# Case MX110 Electronic Problem



## Stephen Newton (Jan 5, 2021)

When the ignition is switched off the engine is turned off, but the dash lights and ignition functions are still on. 
After a while it stops - after the battery has been drained.

I have put a new battery on and changed the ignition barrel, but it makes no difference!
Any ideas please?


----------



## FredM (Nov 18, 2015)

When you say "I changed the ignition barrel", did you just change the barrel or the complete ignition switch ?, I have tried to find a wiring schematic which you need to trace the wiring system, there may be a closed/stuck solenoid that is giving the system power feedback, that is only a guess on my part without a schematic to trace through though !!.

And if you only changed the ign. barrel, then the ign. switch may be faulty and there is feed back through the switch.


----------



## Stephen Newton (Jan 5, 2021)

FredM said:


> When you say "I changed the ignition barrel", did you just change the barrel or the complete ignition switch ?, I have tried to find a wiring schematic which you need to trace the wiring system, there may be a closed/stuck solenoid that is giving the system power feedback, that is only a guess on my part without a schematic to trace through though !!.
> 
> And if you only changed the ign. barrel, then the ign. switch may be faulty and there is feed back through the switch.


Thanks Fred,

I replaced the barrel and ignition switch.

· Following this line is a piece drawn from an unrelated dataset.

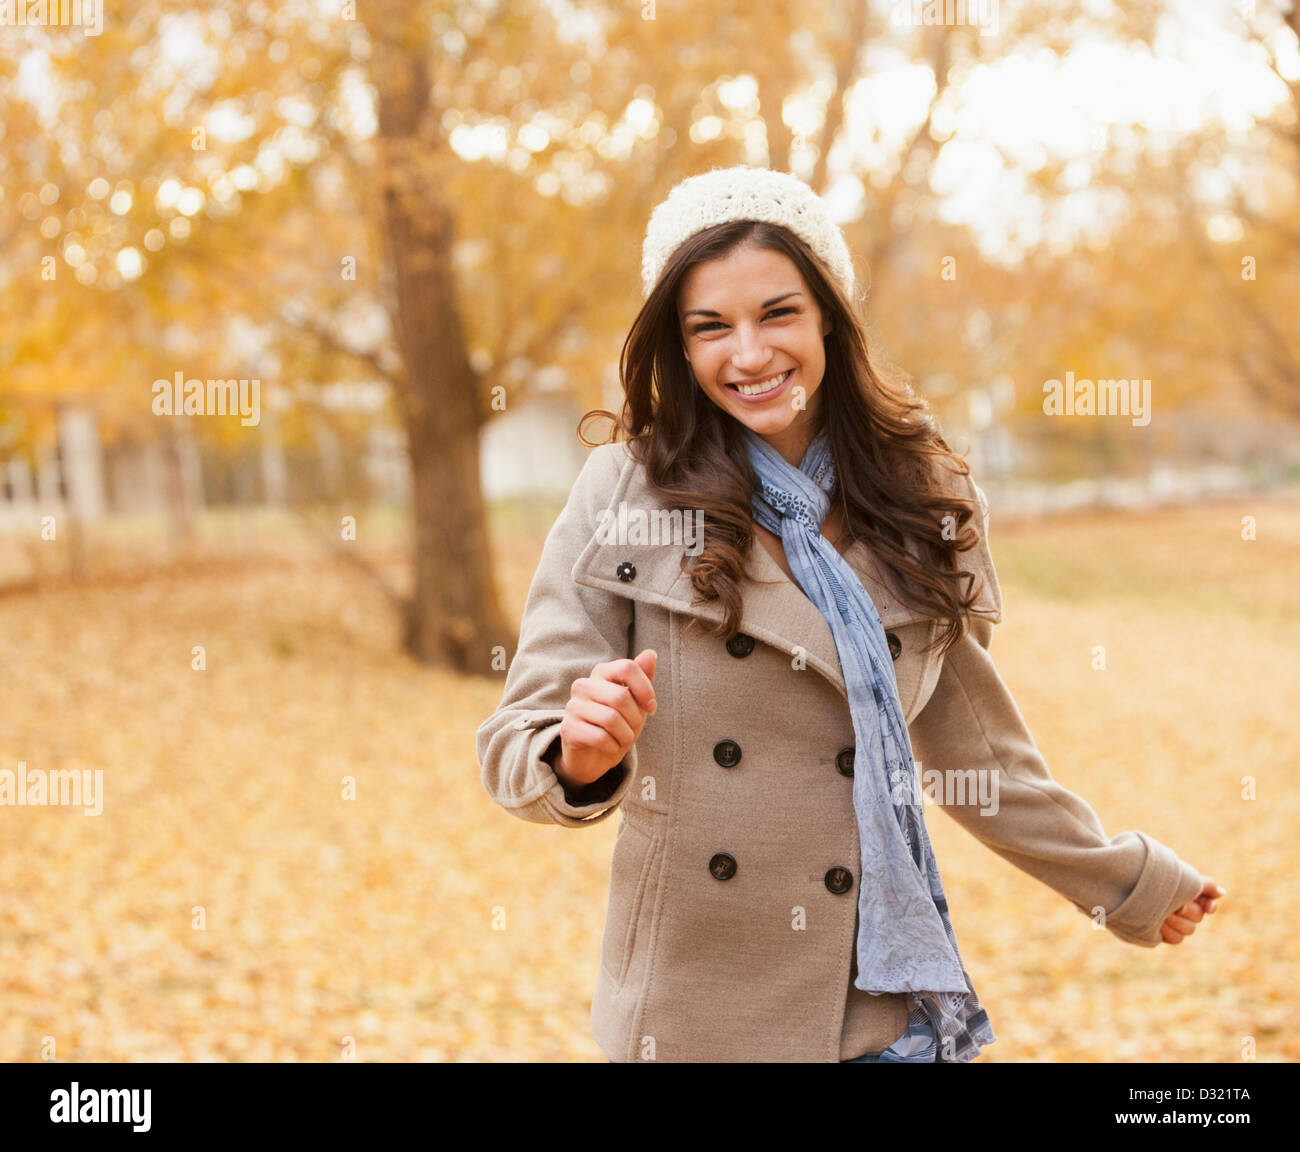 Kaukasische Frau zu Fuß im Herbstlaub Stockfoto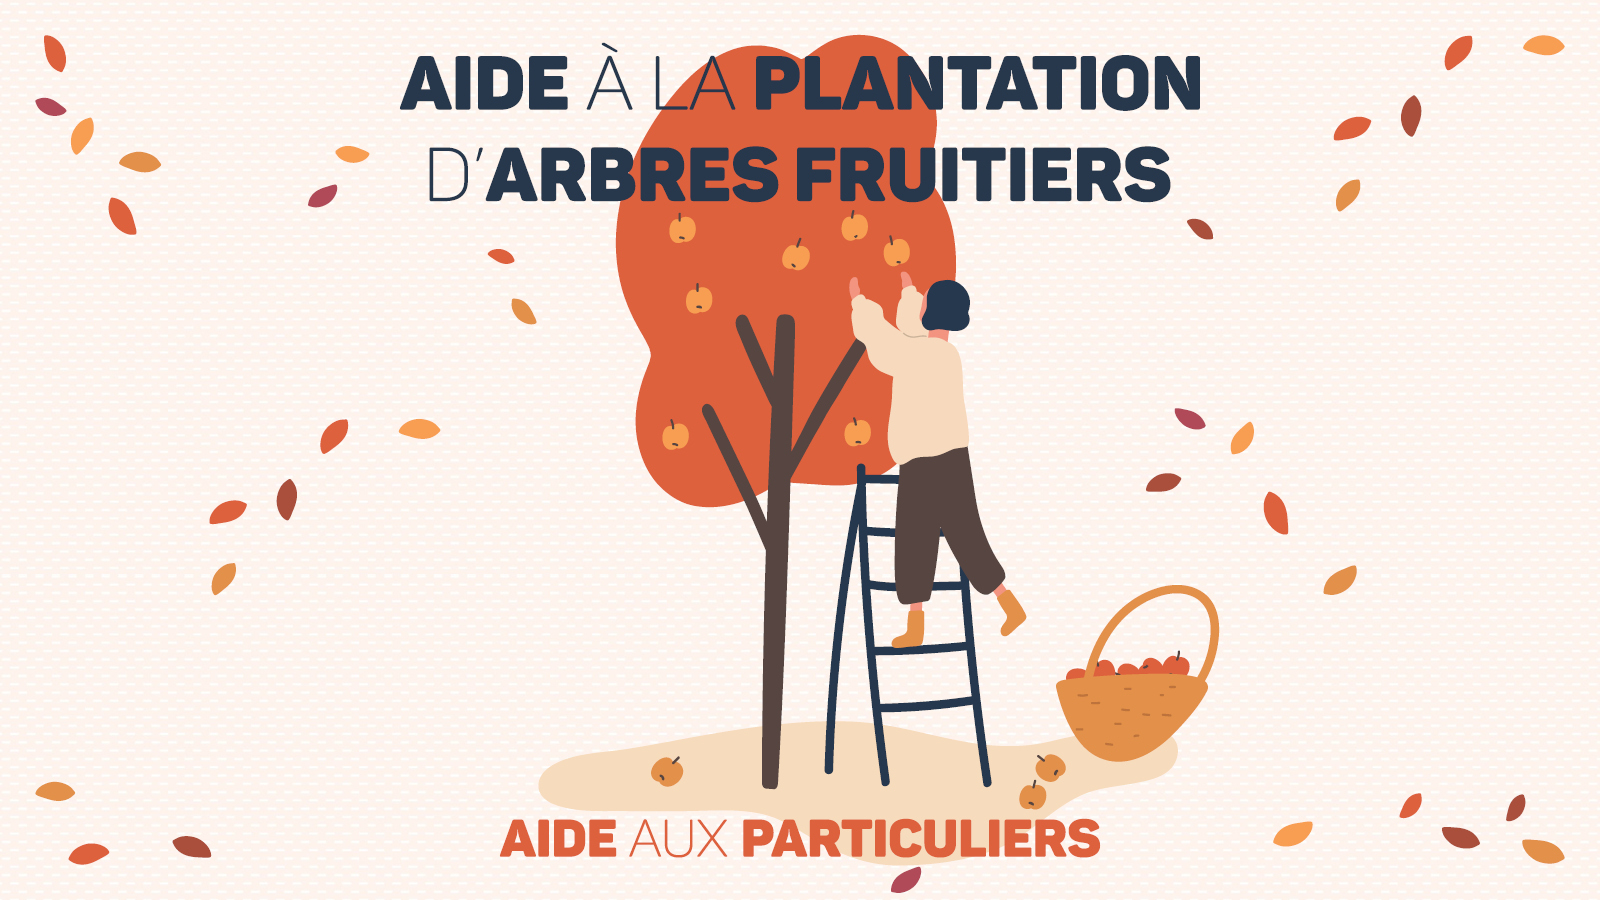 Aide à la plantation d'arbres fruitiers

I've unplugged the ignition barrel and switch from the dashboard so there is no connection, but the tractor lights remain on?!


----------



## LouNY (Dec 15, 2016)

It sounds to me like a power relay is hanging up.
I don't know if it has a main power relay or just several smaller 5 pin ones.
Many of the CNH have a 200 amp main relay and then the Puma's have several relays in the fuse block and others behind the lower right trim panel.
I would say to locate all your relays, then start unplugging them one at a time till you find out the one acting up.


----------



## Tx Jim (Jul 28, 2020)

Ditto on stuck control relay.


----------